Unilateral vibration transmission in mechanical systems with bilinear coupling

TL;DR

This paper computationally investigates unilateral vibration transmission in bilinear elastic systems, revealing how asymmetry facilitates nonreciprocal transmission and complex dynamic behaviors near resonances.

Contribution

It introduces a detailed analysis of unilateral transmission in bilinear systems, highlighting the role of asymmetry and extending the study to periodic structures with diverse dynamic responses.

Findings

Unilateral transmission occurs near primary resonances in asymmetric bilinear systems.

Breaking symmetry enables nonreciprocal and nonreciprocal transmission phenomena.

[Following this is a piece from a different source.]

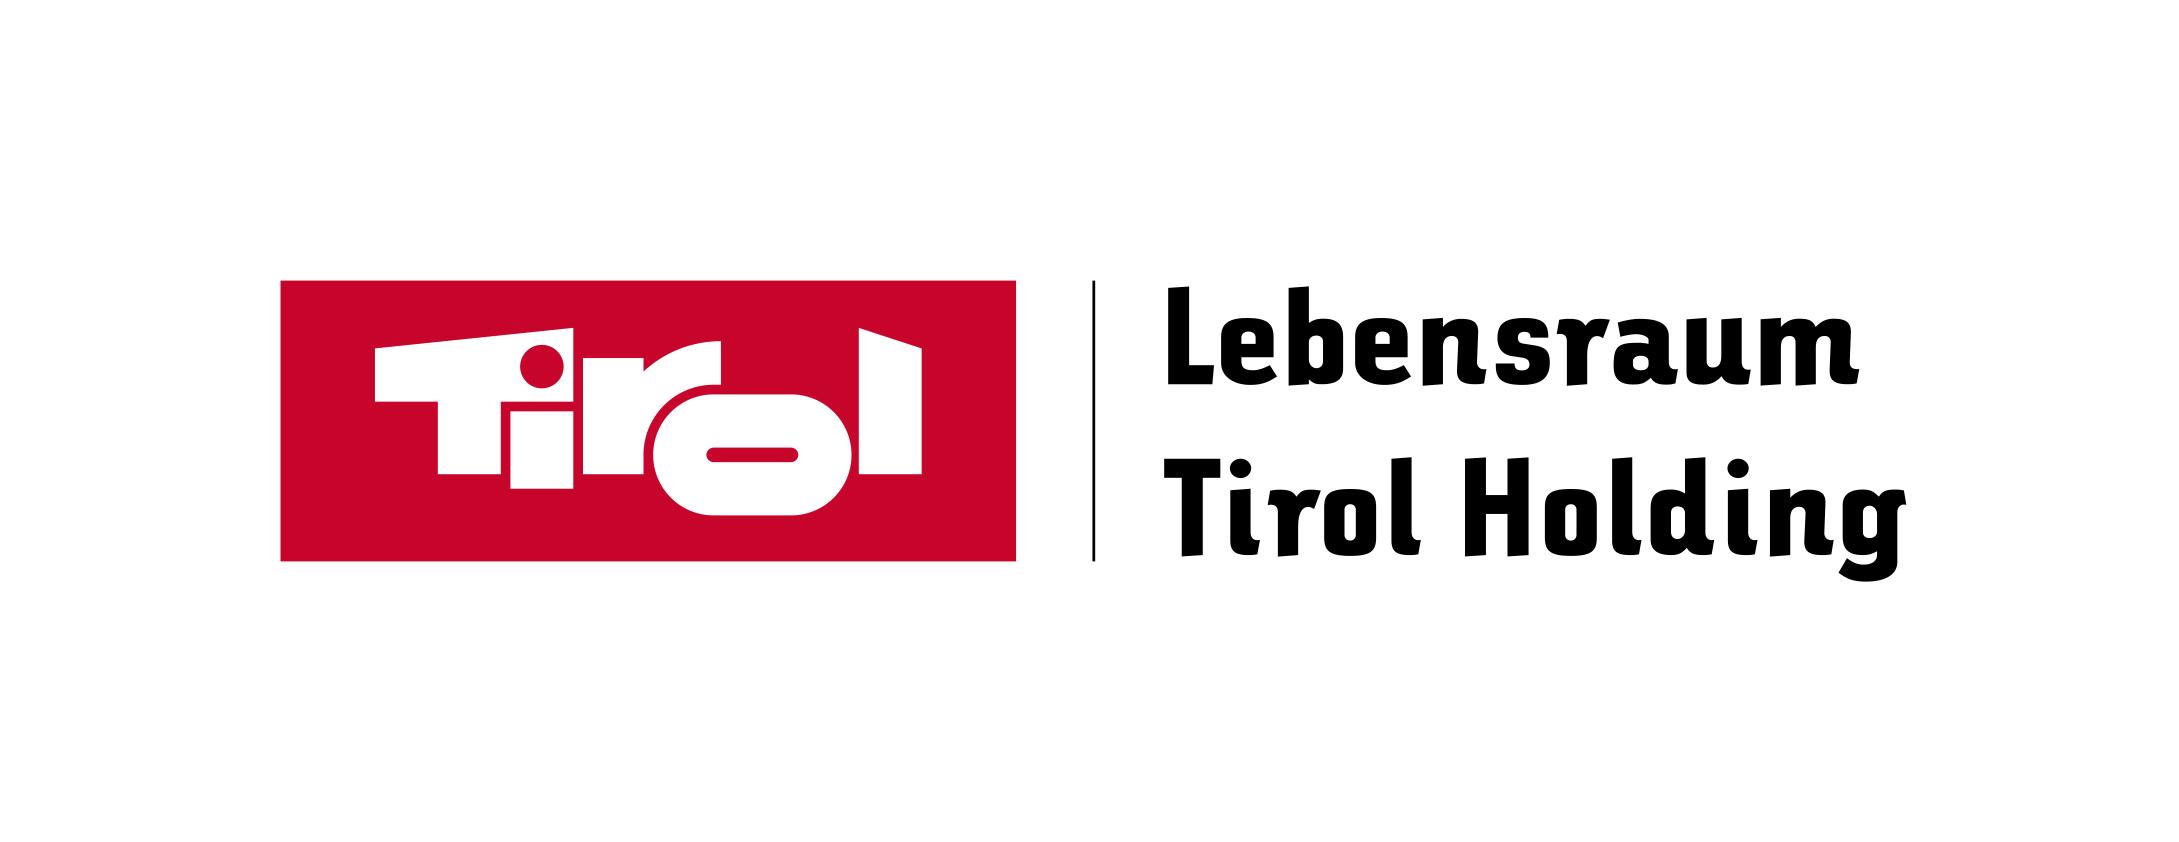 LRTH-Logo.jpg

Stable nonreciprocal behaviors include period-doubled and quasiperiodic responses.

Abstract

Unilateral transmission refers to the scenario in which the waves transmitted through a system remain in pure tension or pure compression. This transmission phenomenon may occur in systems that exhibit different effective elasticity in compression and tension; i.e. bilinear elasticity. We present a computational investigation of unilateral transmission in the steady-state response of harmonically driven mechanical systems with bilinear coupling. Starting with two bilinearly coupled oscillators, we find that breaking the mirror symmetry of the system, in either elastic or inertial properties, facilitates unilateral transmission by allowing it to occur near a primary resonance. This asymmetry also enables nonreciprocal transmission to occur. We then investigate the nonreciprocal dynamics of the system, including linear stability analysis, with a focus on unilateral transmission. We also extend our discussion to a bilinear periodic structure, for which we investigate the influence of the number of units and energy dissipation on unilateral transmission. We report on the existence of stable nonreciprocal unilateral transmission near primary and internal resonances of the system, as well as other nonreciprocal features such as period-doubled and quasiperiodic response characteristics.